Jetpack Compose は Android 向けの最新の宣言型 UI ツールキットです。Compose では、フロントエンド ビューを強制的に変更することなくアプリの UI をレンダリングできる宣言型 API を提供することで、アプリの UI の記述とメンテナンスが簡単になります。この用語については説明が必要ですが、この影響はアプリの設計にとって重要です。

宣言型プログラミング パラダイム

これまで、Android のビュー階層は UI ウィジェットのツリーとして表現されていました。ユーザー操作などによってアプリの状態が変わると、現在のデータを表示するために UI 階層を更新する必要があります。UI を更新する方法としては、findViewById() などの関数を使用してツリーをたどってから、button.setText(String)container.addChild(View)img.setImageBitmap(Bitmap) などのメソッドを呼び出してノードを変更する方法が最も一般的です。こうしたメソッドは、ウィジェットの内部状態を変更します。

ビューを手動で操作すると、エラーが発生しやすくなります。データの一部が複数の場所でレンダリングされている場合、それを示すビューのうちいずれかの更新を忘れがちです。また、2 つの更新が予期せず競合すると、不正な状態が作成されやすくなります。たとえば、UI から削除されたばかりのノードの値を設定しようとすることがあります。一般に、更新を必要とするビューの数が多いほど、ソフトウェアのメンテナンスの複雑さは増します。

ここ数年、業界全体が宣言型 UI モデルに移行し始め、ユーザー インターフェースの構築や更新に関連するエンジニアリングは大幅に簡素化されています。この手法は、概念的に画面全体をゼロから再生成し、必要な変更のみを適用することで機能します。このアプローチでは、ステートフルなビュー階層を手動で更新する複雑さを回避できます。Compose は宣言型 UI フレームワークです。

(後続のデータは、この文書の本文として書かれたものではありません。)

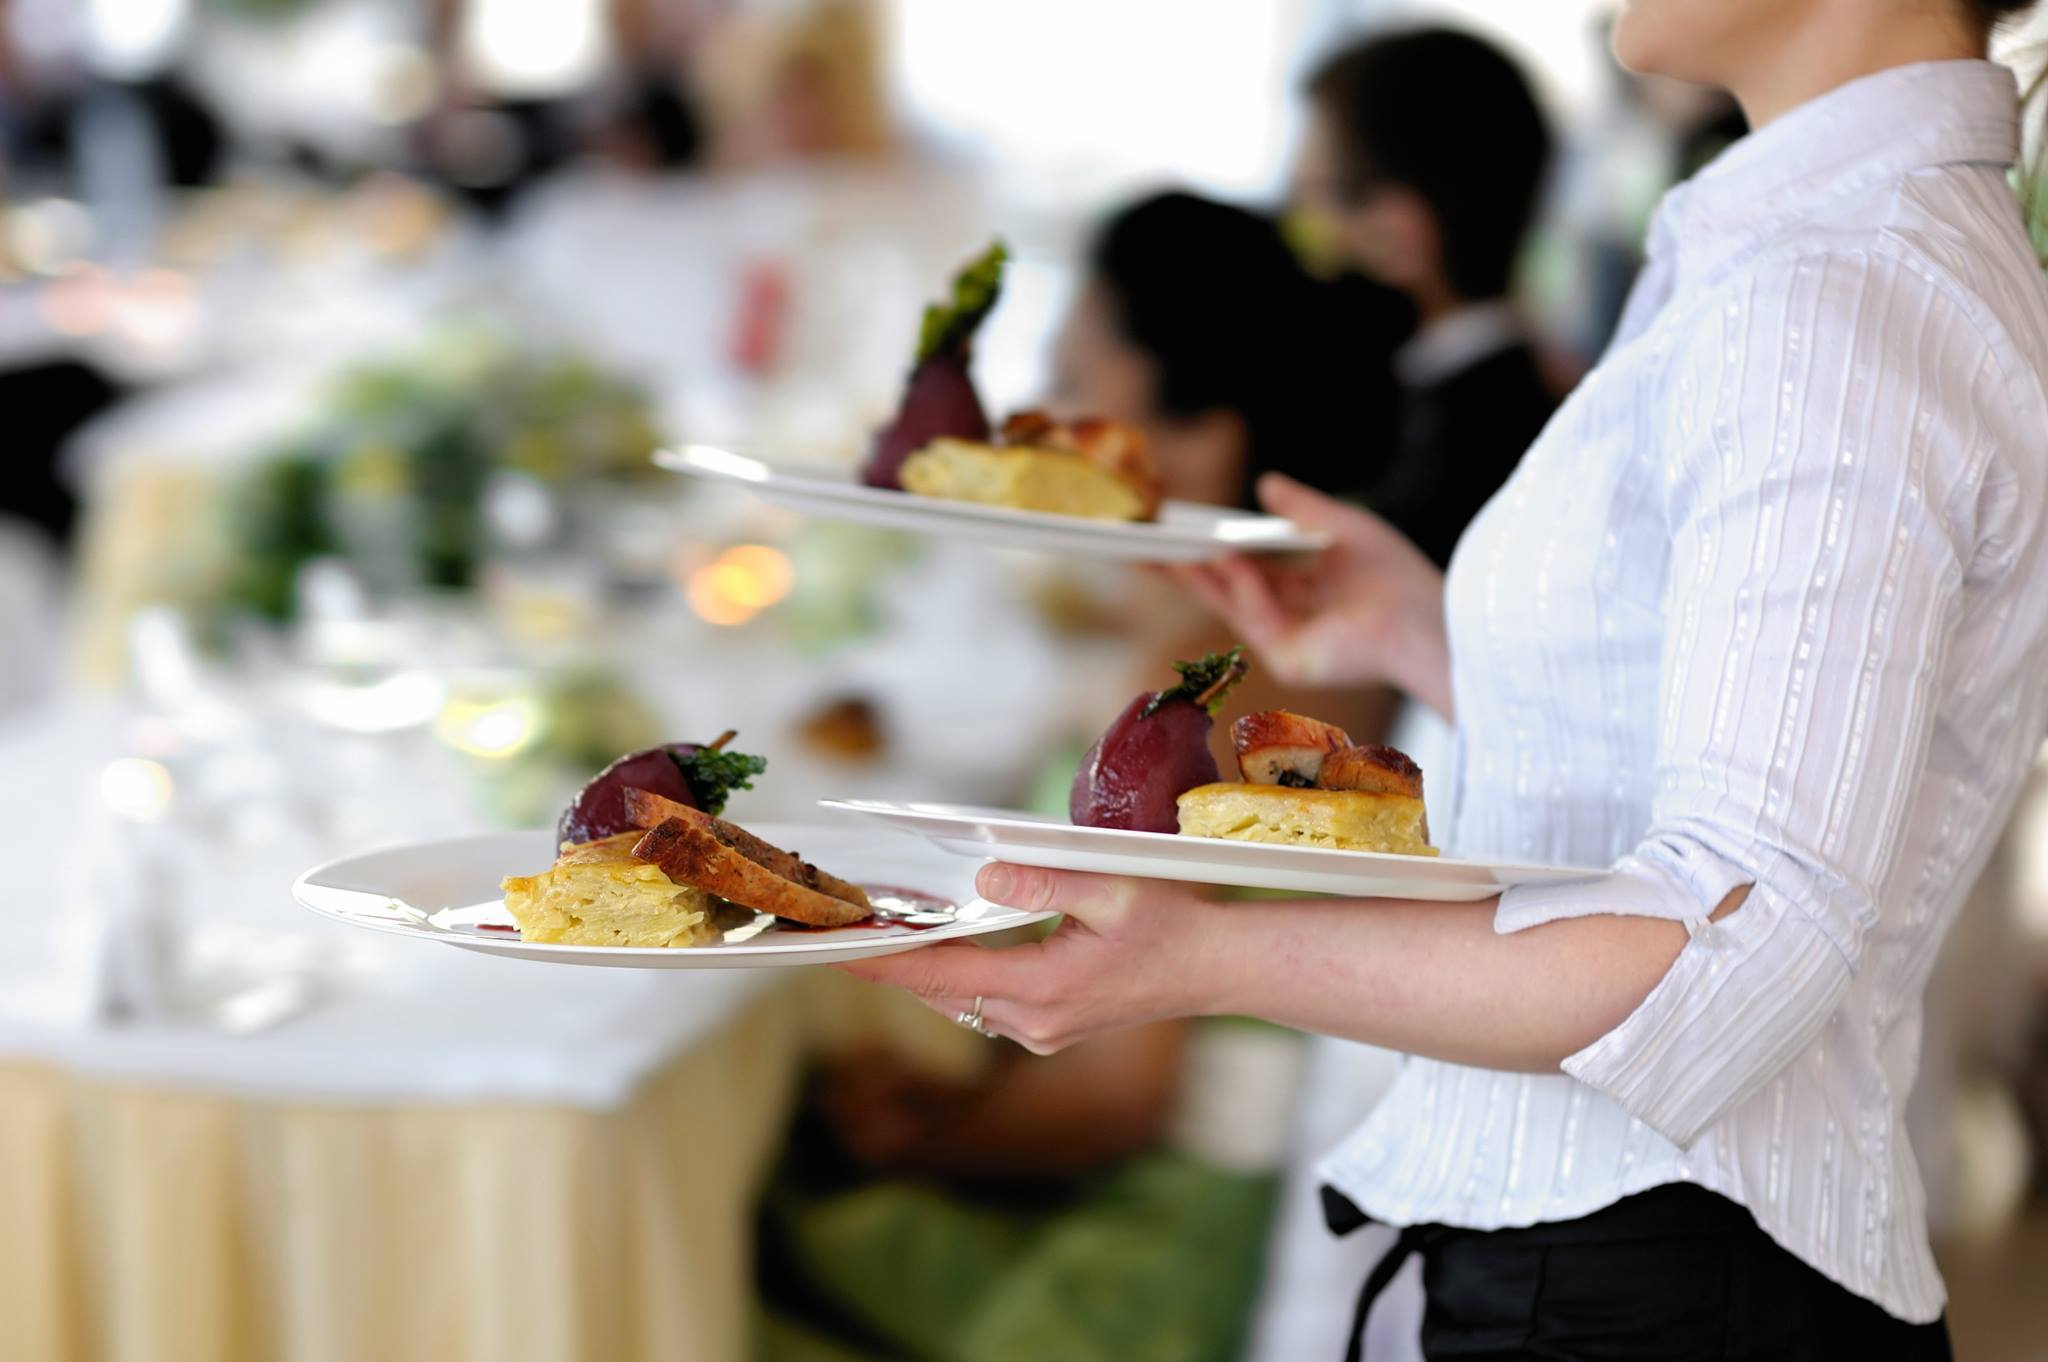 Noticias relevantes recopiladas del sector de la hostelería y el turismo

画面全体を再生成する際の課題は、時間、コンピューティング能力、電池使用量という点で、コストが高くなる可能性があることです。このコストを軽減するために、Compose は常に、UI のうち再描画する必要がある部分をインテリジェントに選択します。これは、再コンポーズで説明するように、UI コンポーネントの設計方法に影響する可能性があります。

シンプルでコンポーズ可能な関数

Compose を使用すると、データを取り込み UI 要素を出力するコンポーズ可能な関数のセットを定義することで、ユーザー インターフェースを作成できます。簡単な例としては、Greeting ウィジェットがあります。これは String を受け取り、挨拶メッセージを表示する Text ウィジェットを出力します。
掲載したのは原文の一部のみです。